Correlations between BCR-ABL Ratio and Cytogenetic Response at Months 12 of the Randomized French SPIRIT Study on Behalf the Fi-LMC Group.

In September 2003, the French CML study group (Fi-LMC) activated the four armed randomized SPIRIT trial comparing imatinib 400mg with imatinib 600mg, imatinib 400mg + ara-C and imatinib 400mg + pegylated interferon in newly diagnosed CML in chronic phase. The molecular monitoring was centralized and performed, according to the EAC protocol, in duplicate on the same BCR-ABL cDNA among two French laboratories (Bordeaux and Lille). Data were expressed as BCR-ABL/ABLx100 on the new internationally agreed scale (IS) using a conversion factor of 1.33 and 0.80 for Bordeaux and Lille respectively. A good correlation between the two laboratories was observed. During the first year of follow-up the quantification was performed each three months (M0 to M12). In May 2006, 297 of the 492 enrolled pts had a follow up of more than 12 months, and 263 pts were analysed at M12. Using the IS, the median values of the BCR-ABL/ABL normalized ratios were 90%, 6,4%, 0.68%, 0.32% and 0.16% at M0, M3, M6, M9, and M12 respectively. At M12, 15%, 29%, 27%, 17% and 12% of the pts presented a BCR-ABL/ABL ratio lower than 0.01%, 0.1% ,1%, 10%, and 100% respectively. Overall, 71% of the pts presented a ratio lower than 1%. Conventional cytogenetic data were available for 193 pts at M12: 156 pts (80%) were in complete cytogenetic response (CCR), 25 pts (13%) were in major cytogenetic response (MCR) and 12 pts (6.2%) were in minor or a lack of cytogenetic response. Among pts with a BCR-ABL transcript ratio lower than 1%, all except four were in CCR. The last 4 cases were in MCR associated with BCR-ABL ratios of: 0.96% for one pt, 0.08% and 0.12% for 2 pts (who further reached CCR at 6 and 18 months) and 0.128% for the last one. Percentages of Philadelphia positive metaphase (Ph+) were 4%, 6%, 5 % and 15% respectively. Among the 30 pts with a BCR-ABL ratio > 5%, none were in CCR and only 18 pts were in MCR. Among the 27 pts presenting a BCR-ABL ratio in the 1%–5% intervals, 20 pts were in CCR and 7 pts were in MCR (5 pts with Ph+ lower than 10% and two pts with 16% and 20% Ph+).

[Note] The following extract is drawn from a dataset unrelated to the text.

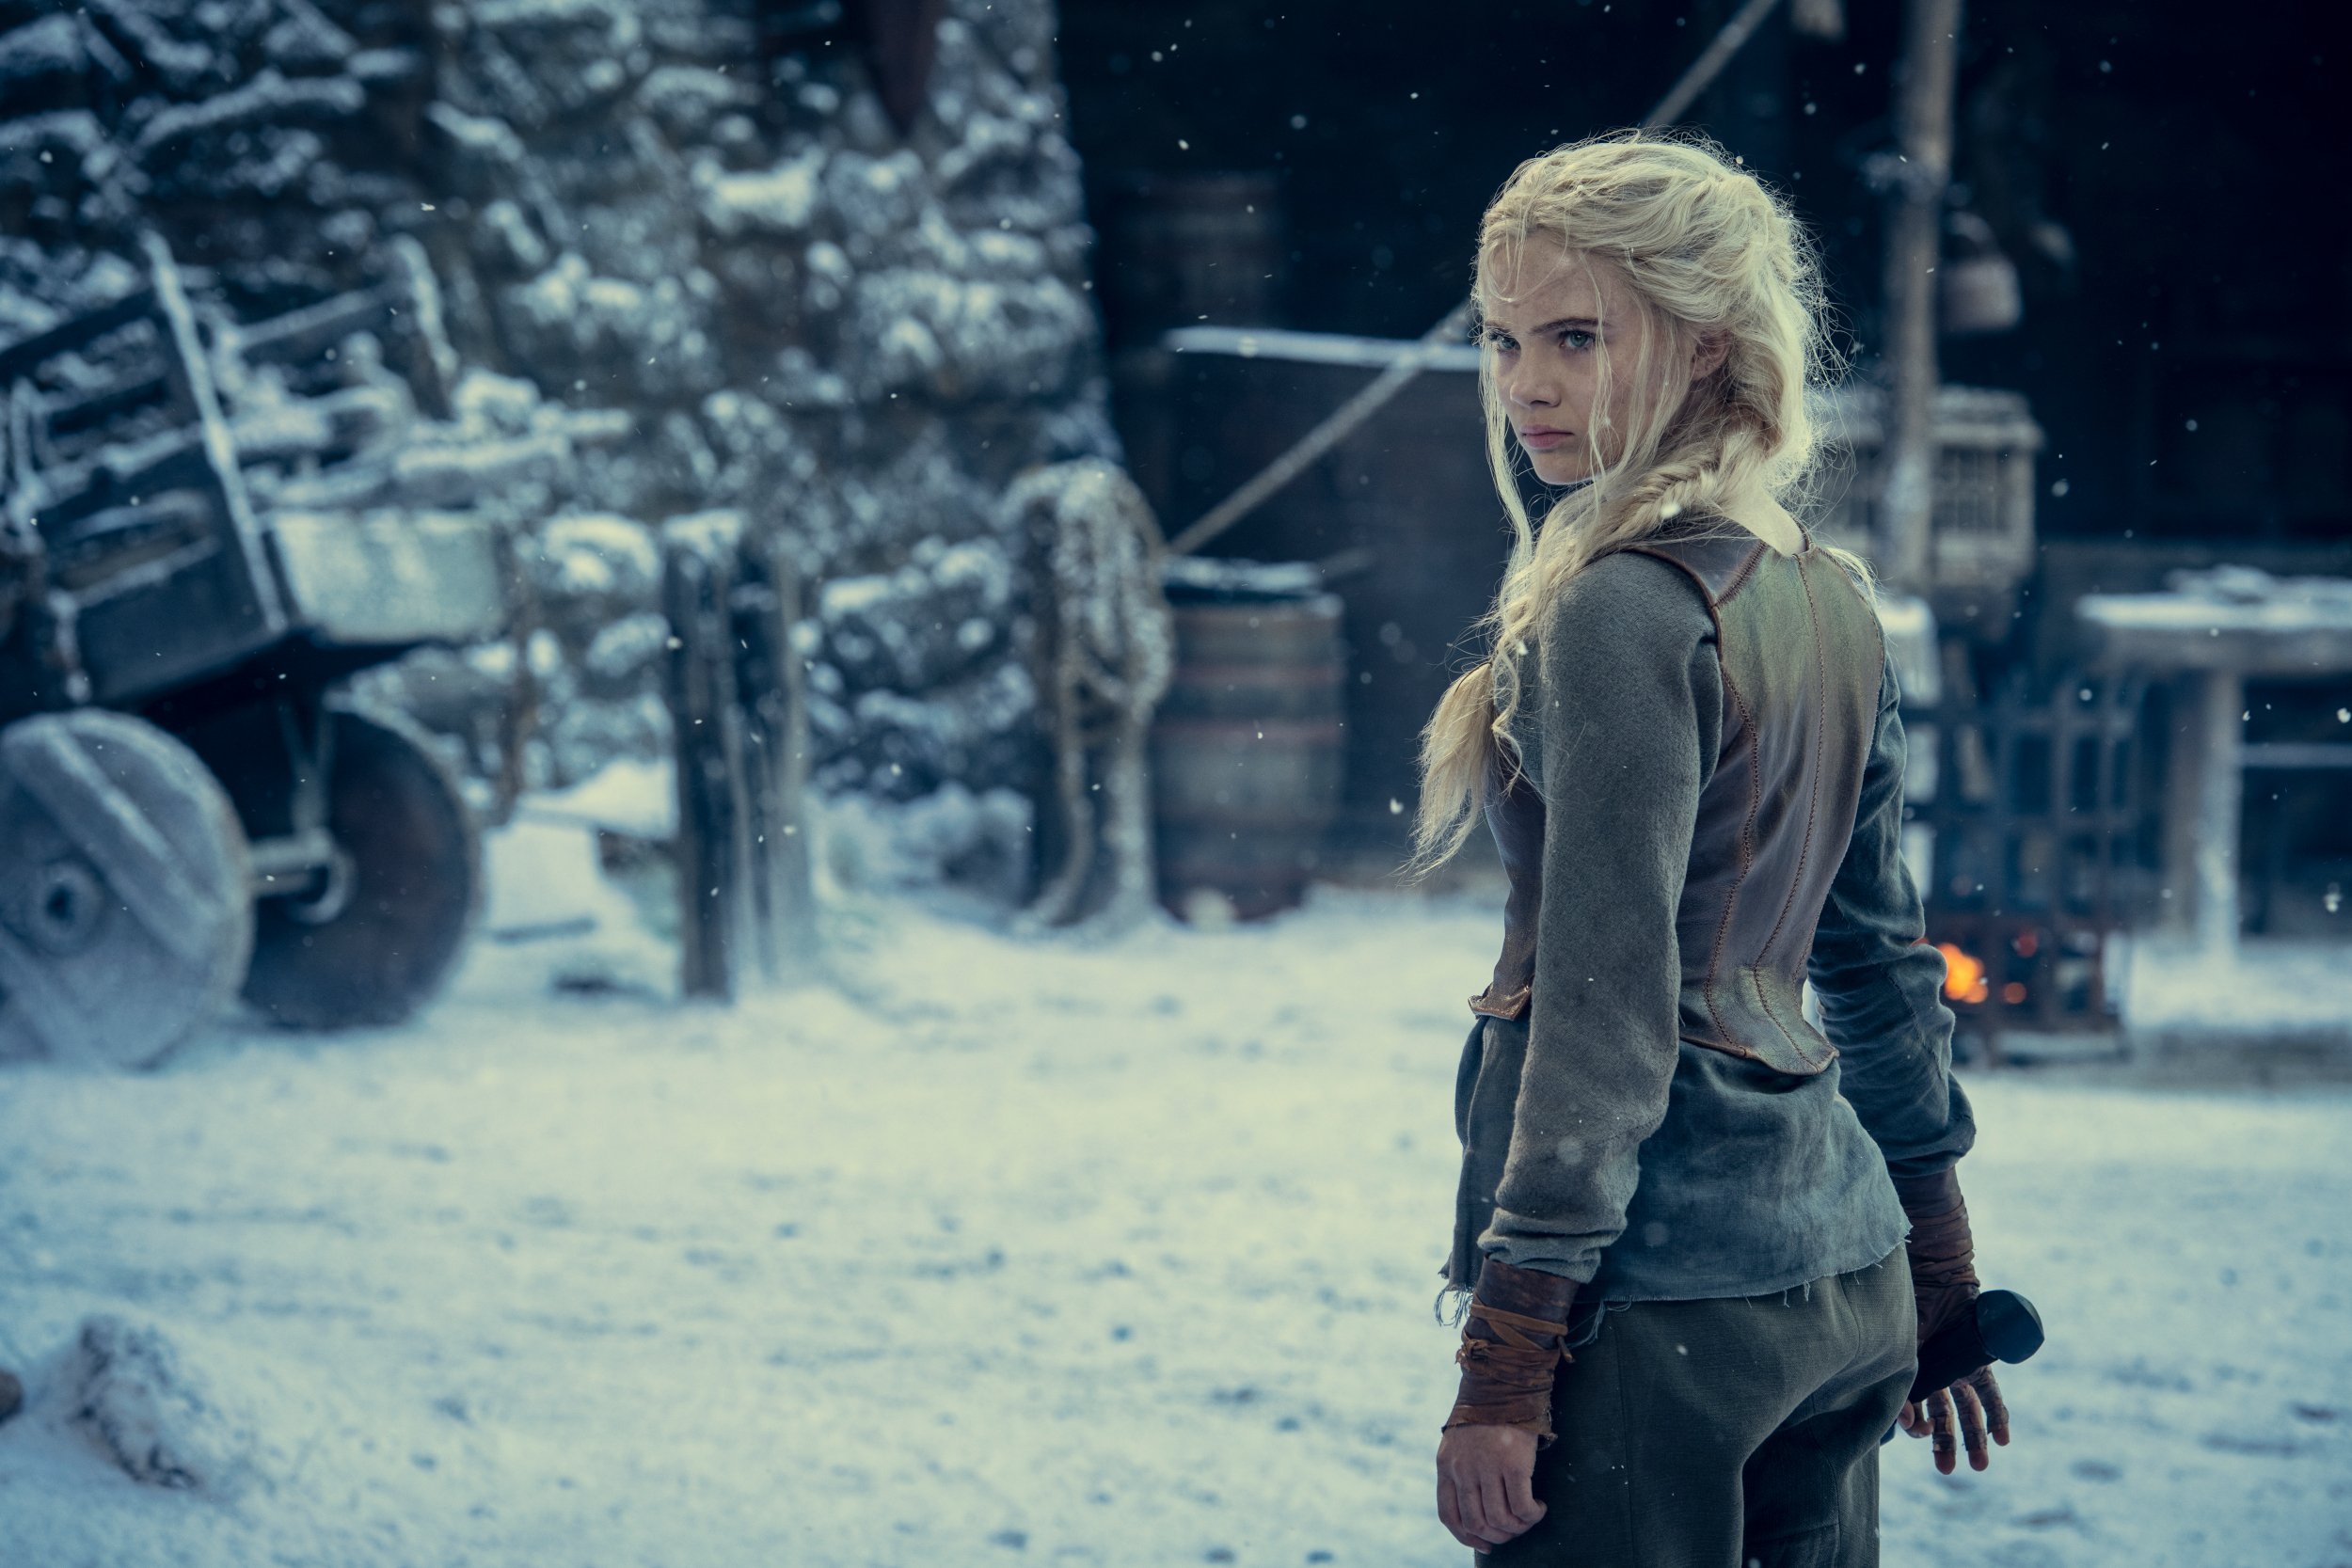 'The Witcher' star Freya Allen training as Ciri in Season 2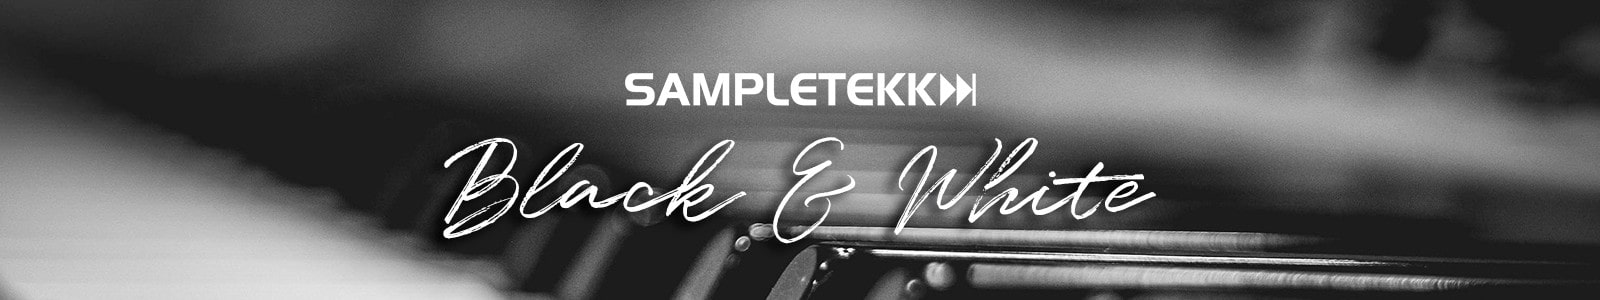 Black and White Piano Bundle by Sampletekk

In conclusion, our findings suggest that a ROC statistical test will be able to determine critical BCR-ABL/ABL ratios associated to CCR in our study. Nevertheless, at M12 the percentage of available data was superior using molecular than cytogenetic monitoring, suggesting that molecular monitoring expressed with the new international scale is probably sufficient fore more than 85 % of the pts treated by IM solely or in association.